** Problem description **
The answer should hold only the lines from the one containing "Timber frame joinery detail" through the one containing "W12-D-625 Falcon W" in the entries below, copied exactly, without pictures.

** Material supplied **
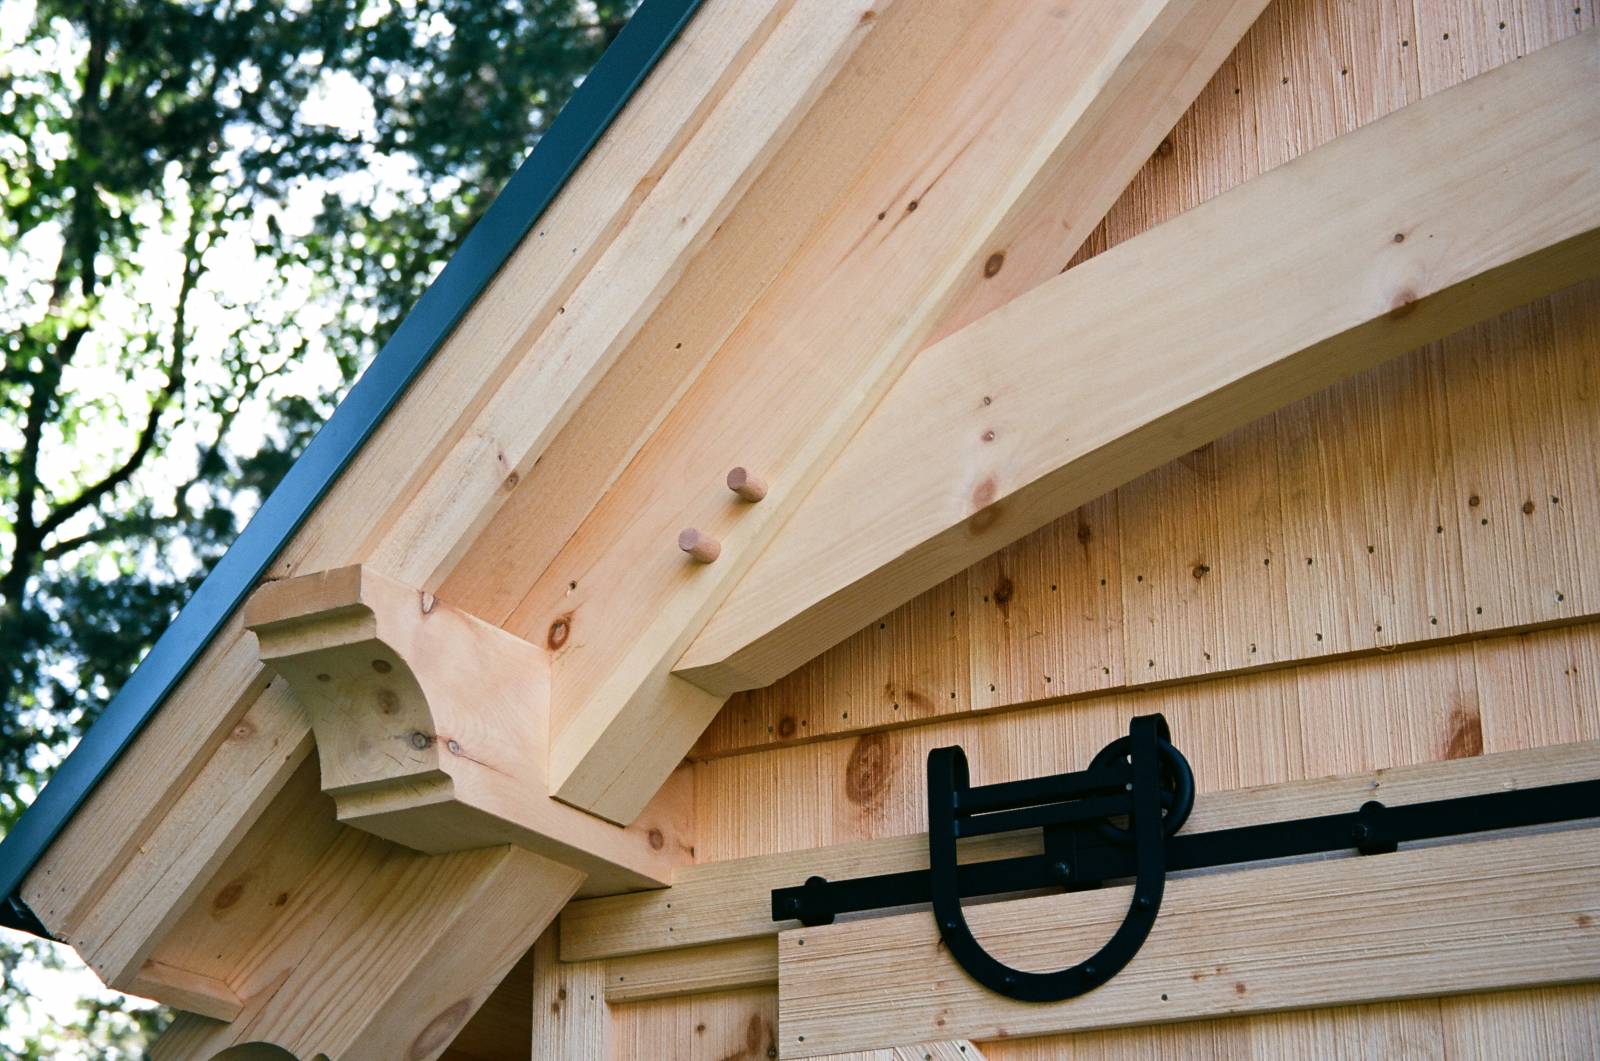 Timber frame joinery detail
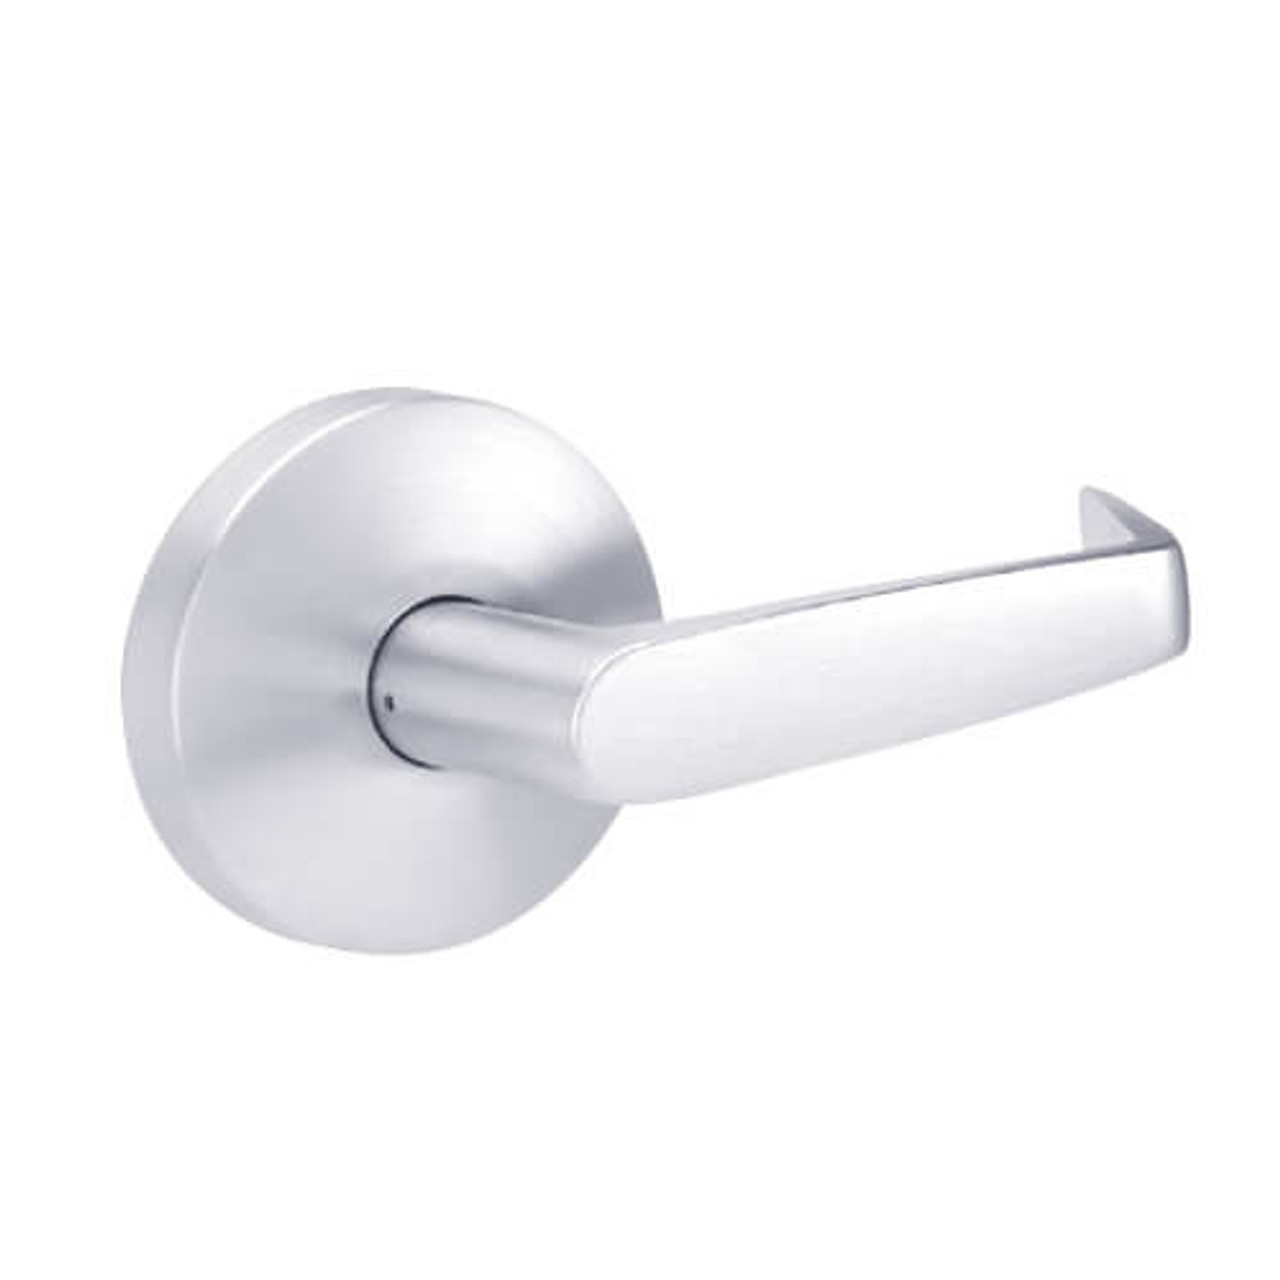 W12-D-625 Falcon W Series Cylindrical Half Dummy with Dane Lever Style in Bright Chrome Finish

==

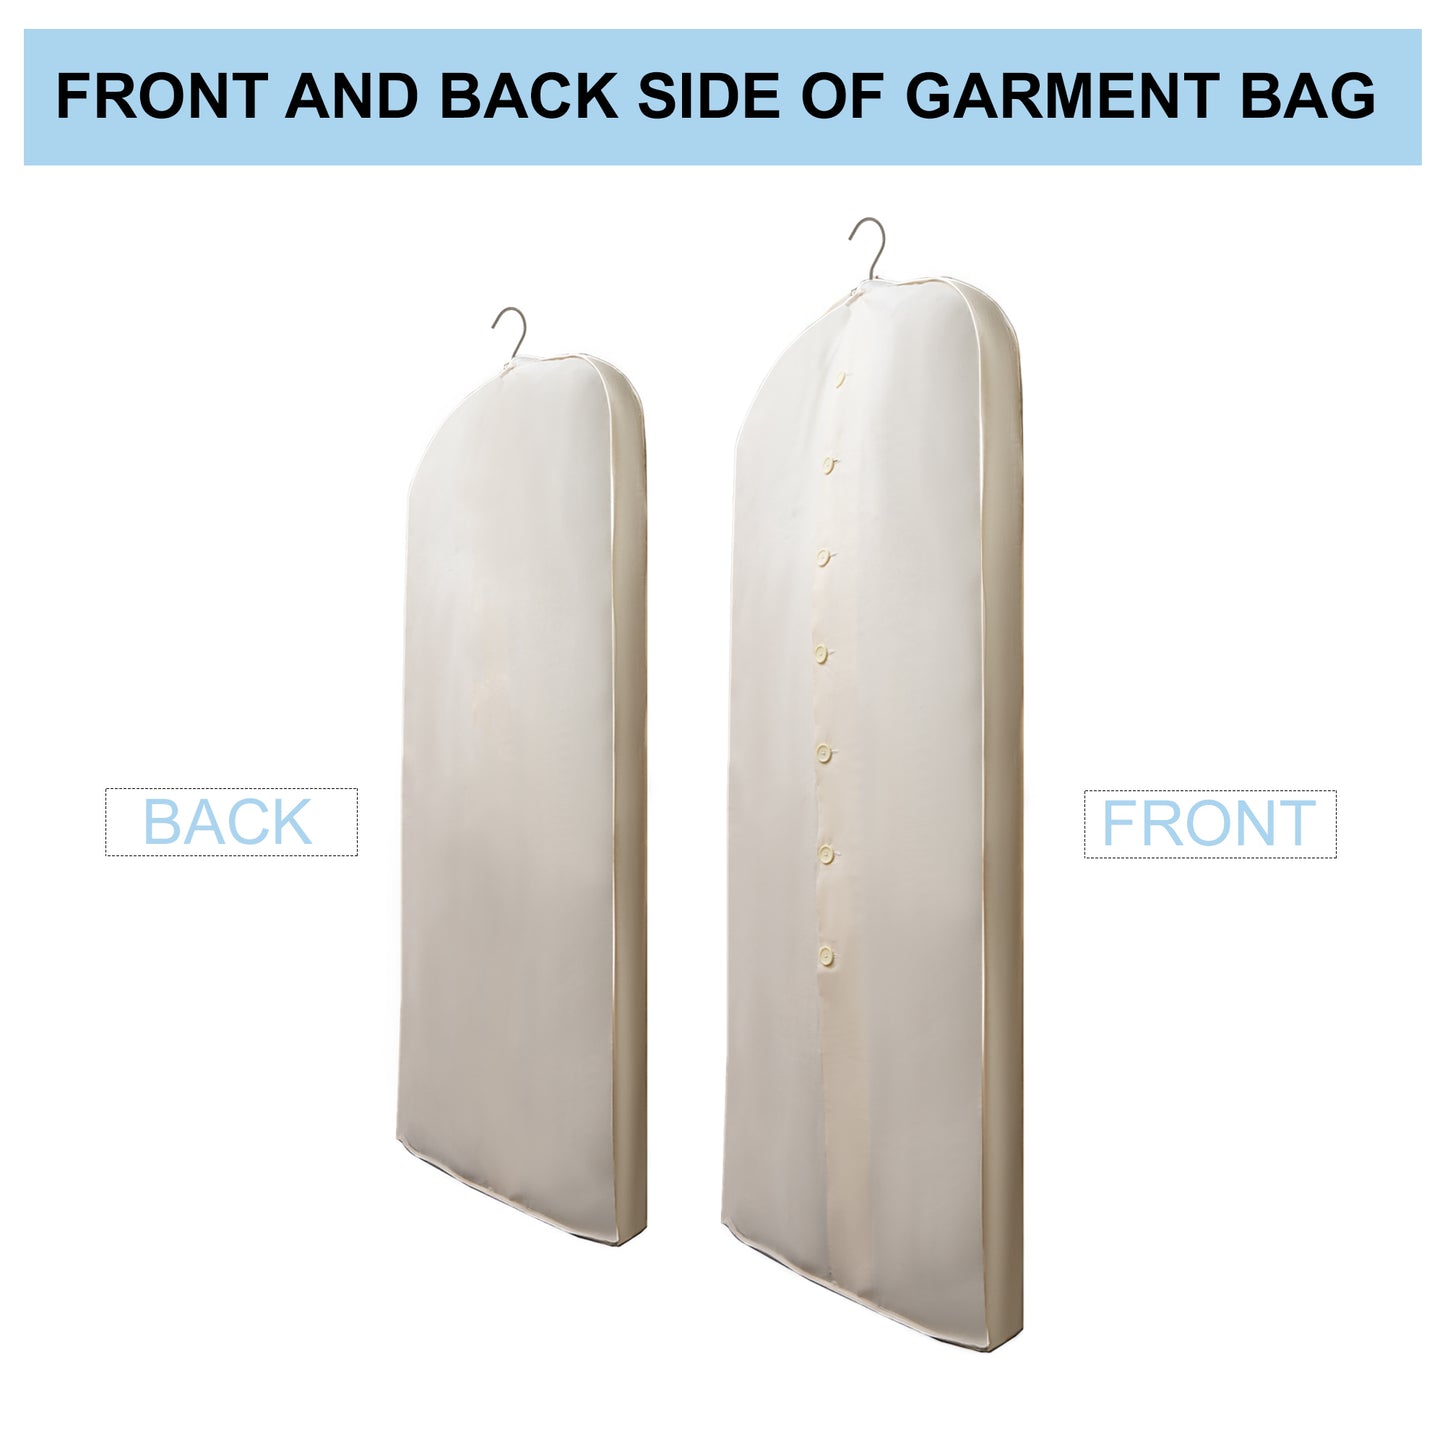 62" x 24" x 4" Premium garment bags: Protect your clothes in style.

==

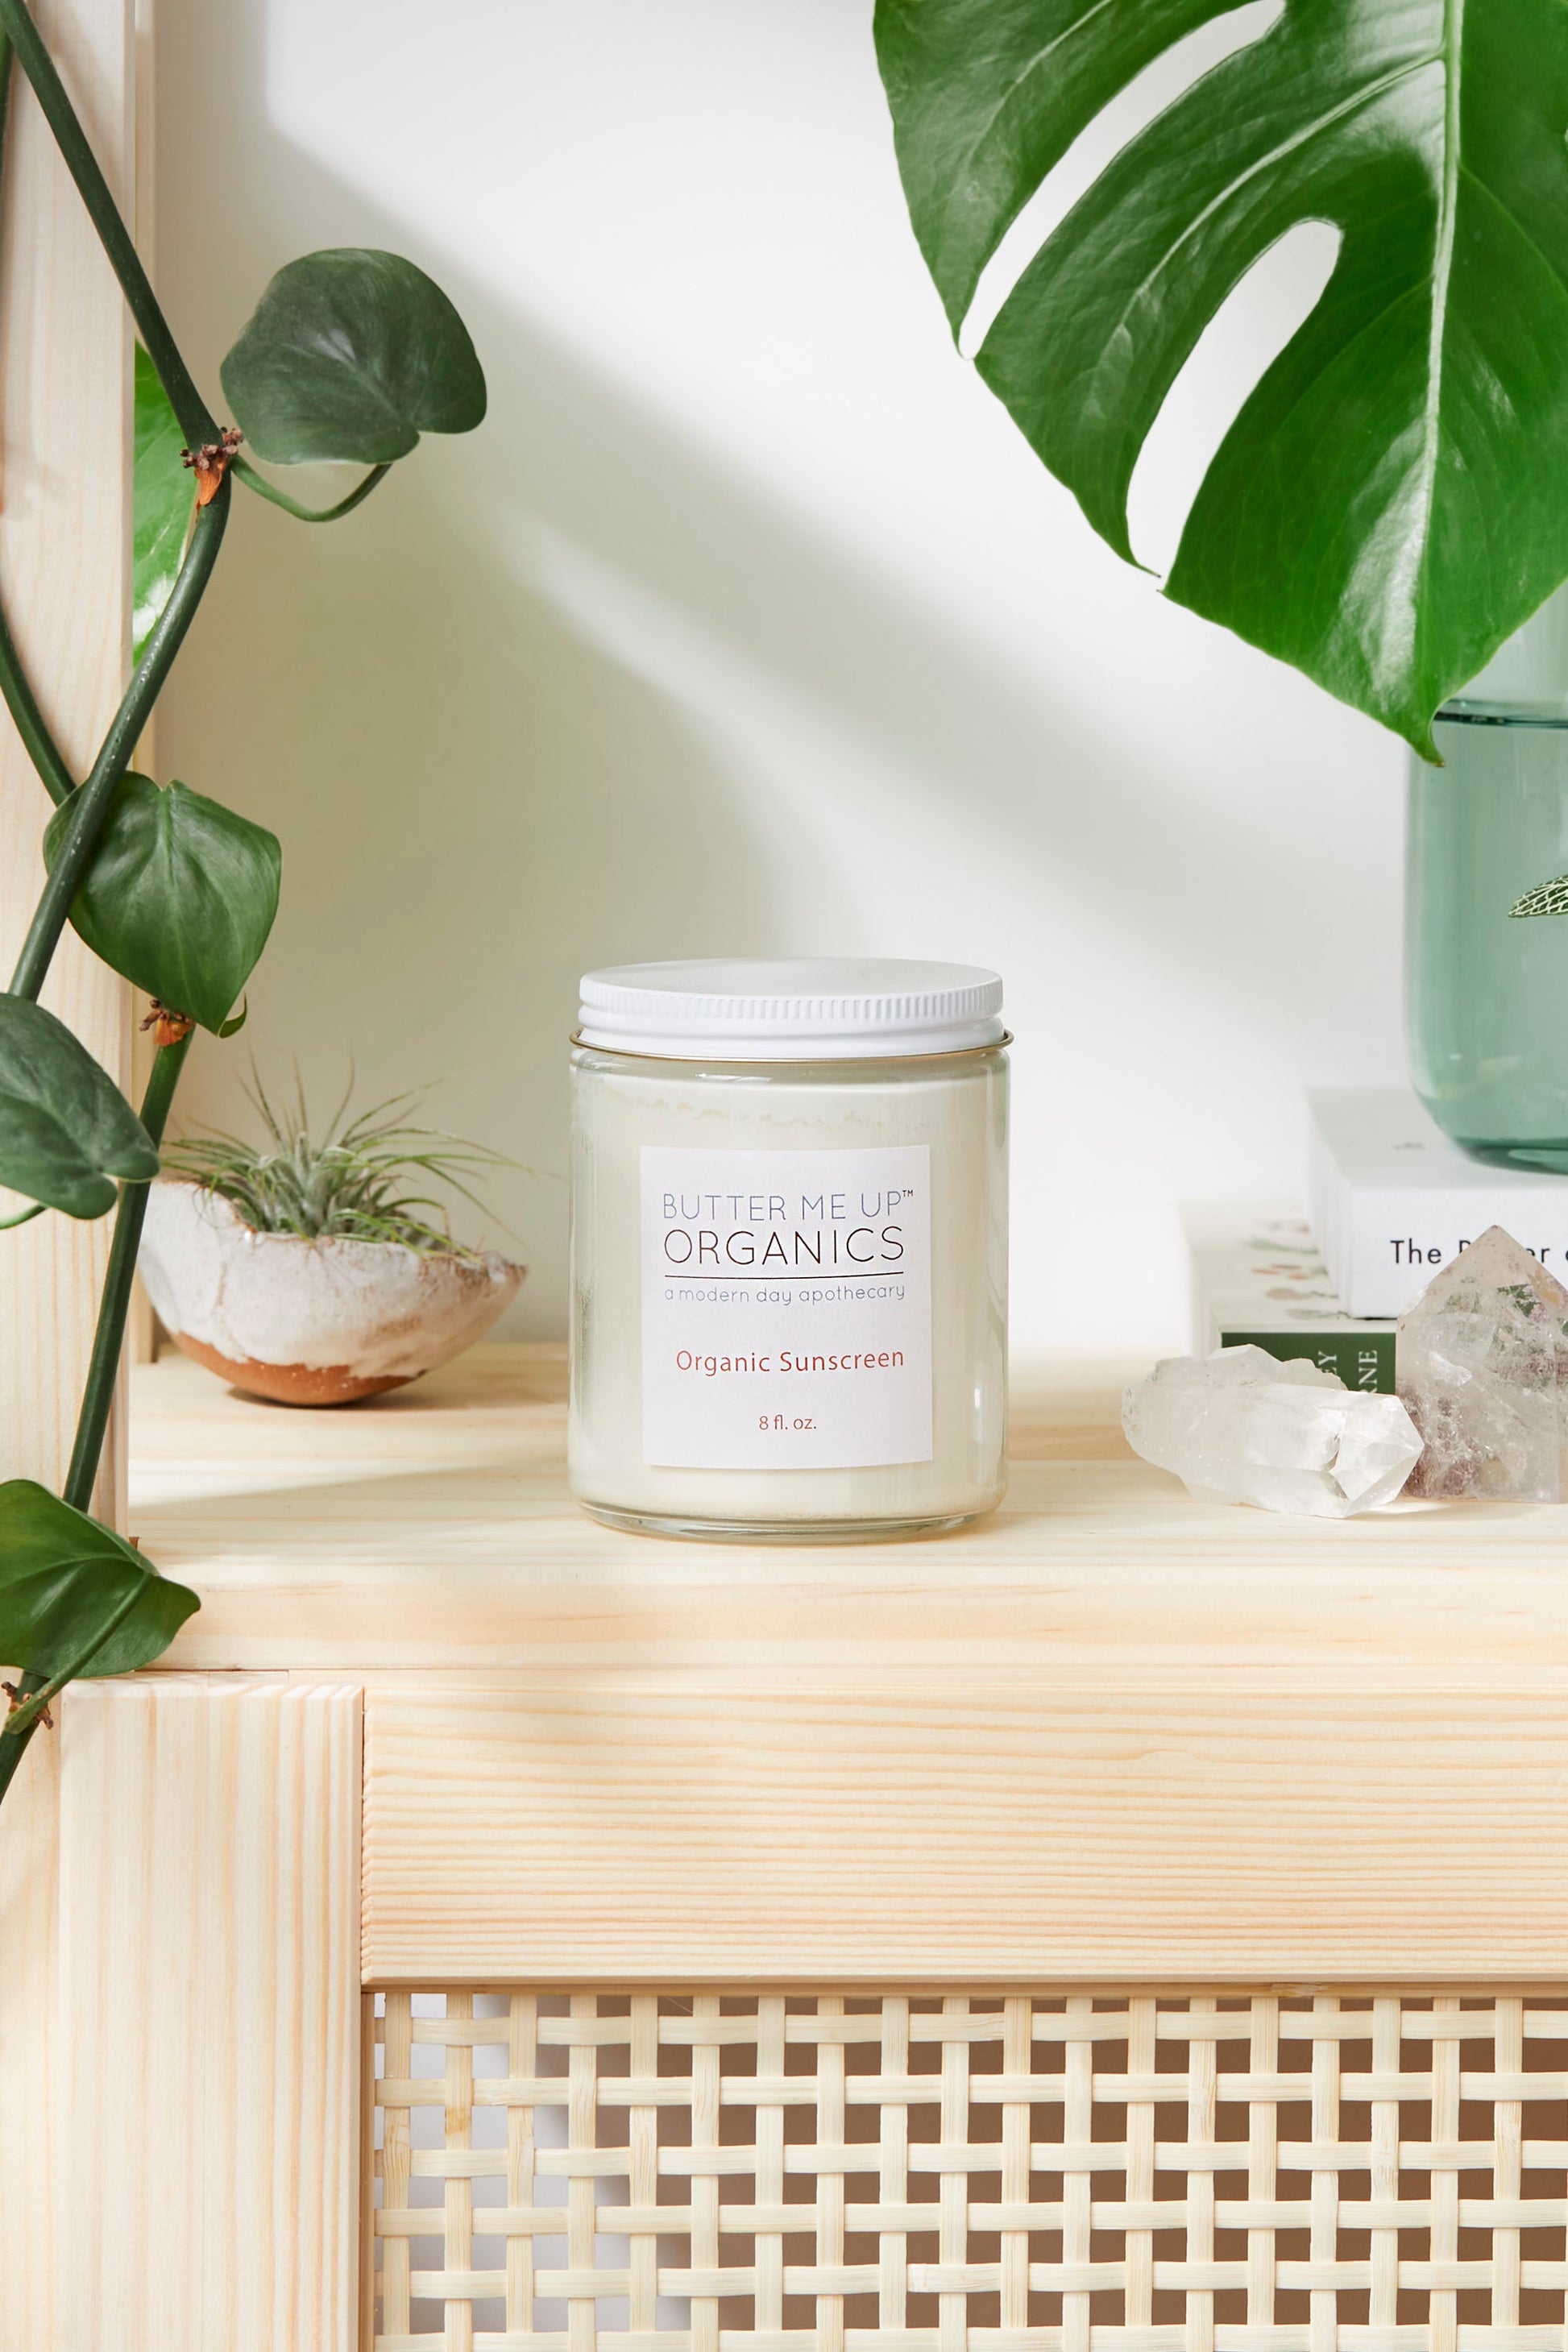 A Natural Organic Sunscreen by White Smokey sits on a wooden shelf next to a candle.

** Solution to this problem **
 Timber frame joinery detail
 W12-D-625 Falcon W Series Cylindrical Half Dummy with Dane Lever Style in Bright Chrome Finish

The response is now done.